Some time last year, I was in line at a smoke-stand to play lotto when the man ahead of me suddenly turned from the cashier and said: “Hey, do you remember me?”
I looked him up and down. A typical neighborhood guy, a deli and bodega guy, about sixty or so. “He doesn’t remember,” he laughed to his friend behind the counter. “Well, I remember you! A long time ago you used to buy cigarettes from me. On 14th Street! Remember?”
I squinted. I drew a blank. “You don’t remember? I can’t believe it. Surely you remember that day!”
That day?
“Not even that one day? Oh my goodness! That day! You were held up that day. Right there in my store!
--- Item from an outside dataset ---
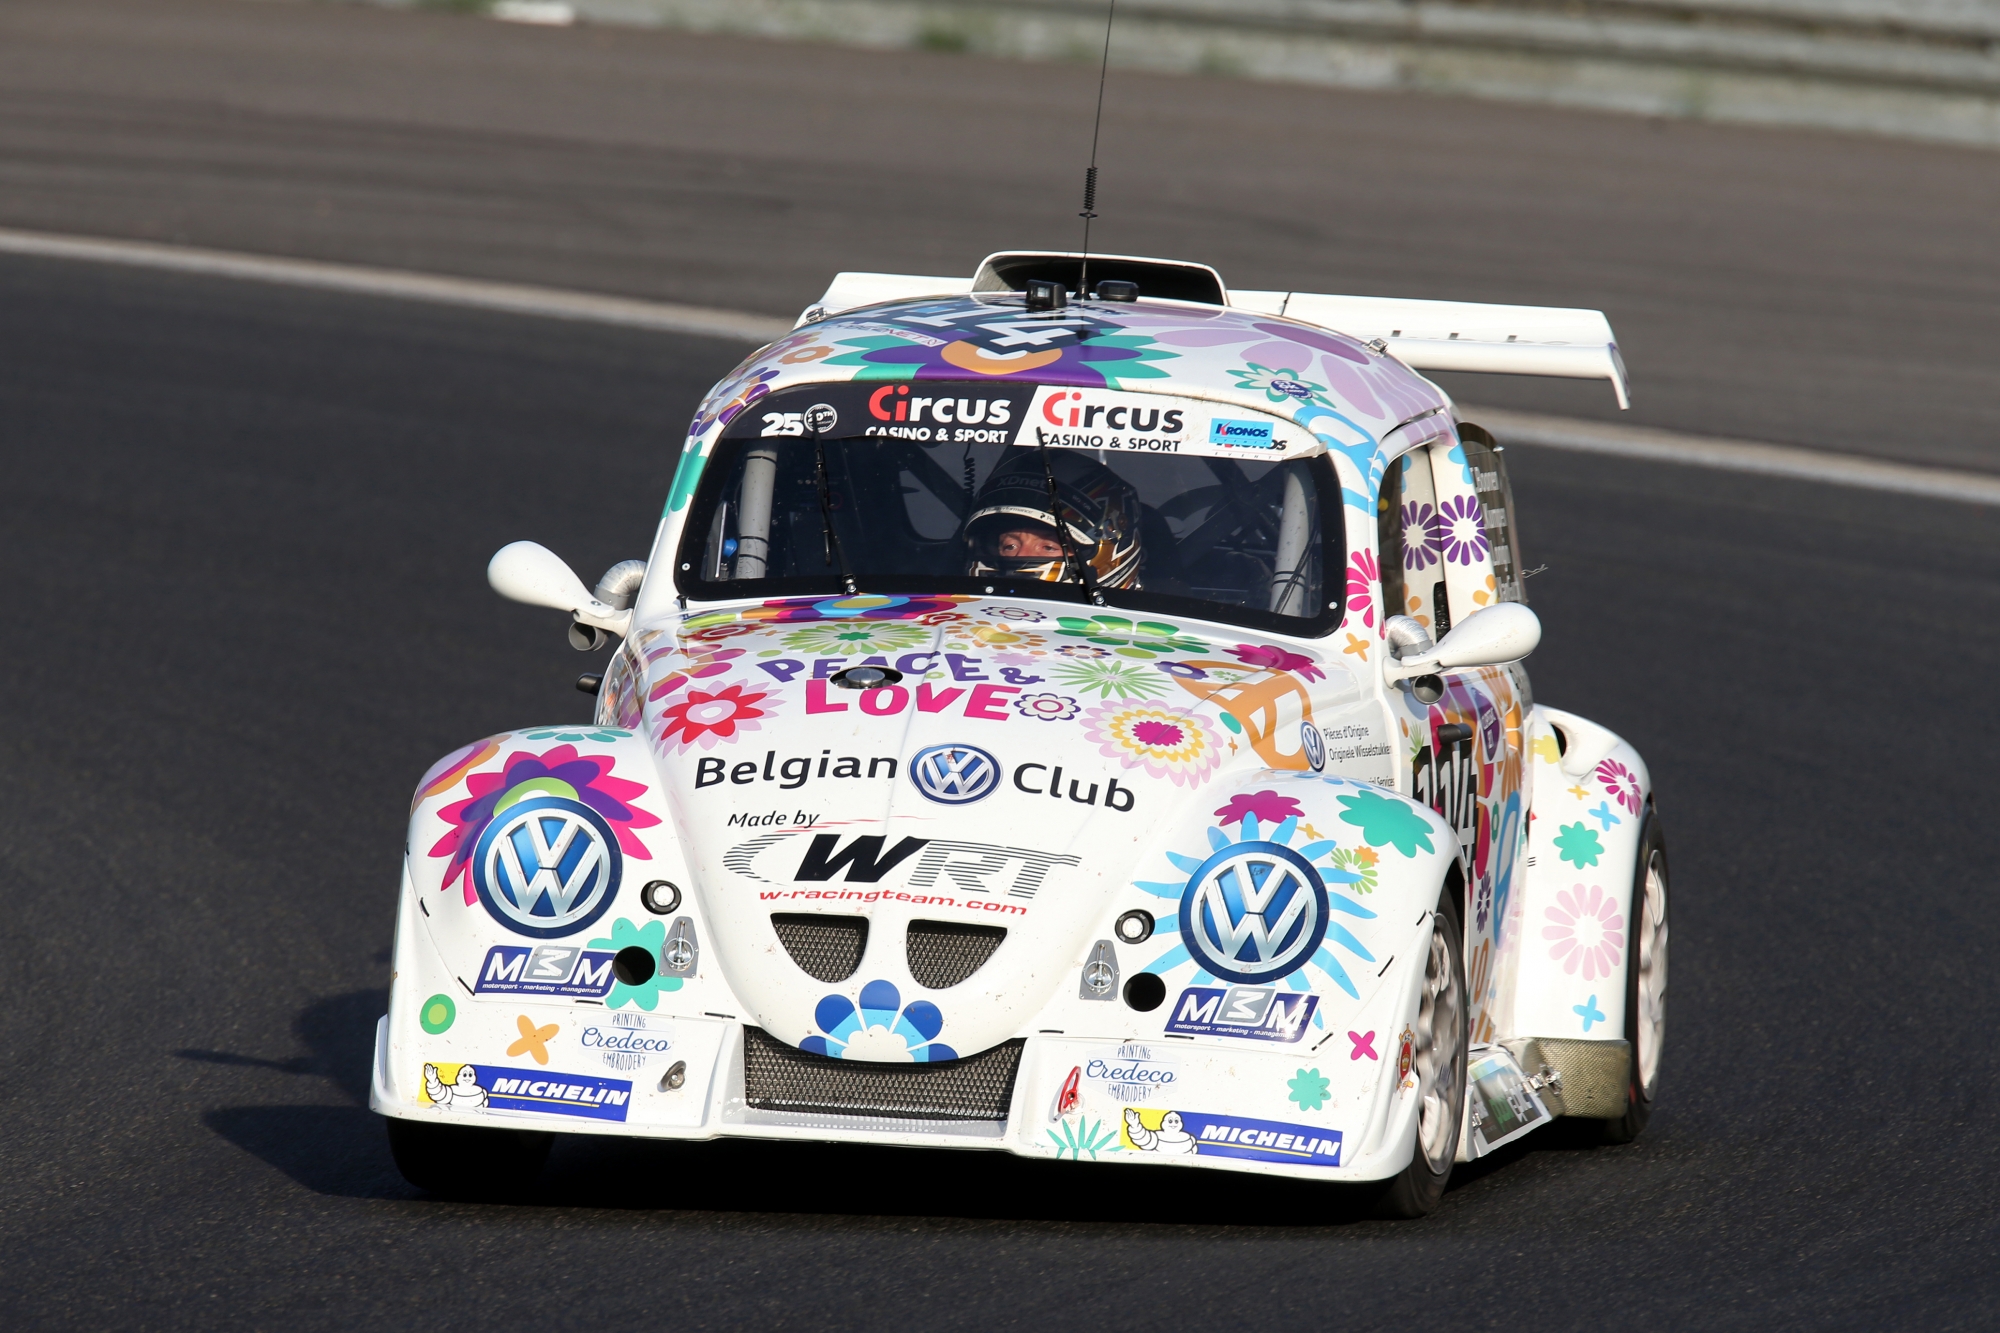 image 2 - Venez découvrir la VW Fun Cup le 11 octobre à Mettet !

By the kid with the silver gun!”
It all came rushing back to me: a spring day, 1981. This guy had just sold me a pack of Camels when an audacious young voice arose from my side: “Hey mister, you got any money?”
I looked down to see this boy, not quite thirteen years old, with a face so angelic it belonged on the ceiling of the Sistine Chapel. “Well, not today,” I told him, “Sorry.”
The boy smirked. “No problem. I got money. Wanna see?” He then pulled from his pocket a whopping stack of fifties. He fanned them in my face so I could glory in his wealth. I had heard that drug dealers were making mules out of kids, but not until now did I make the connection.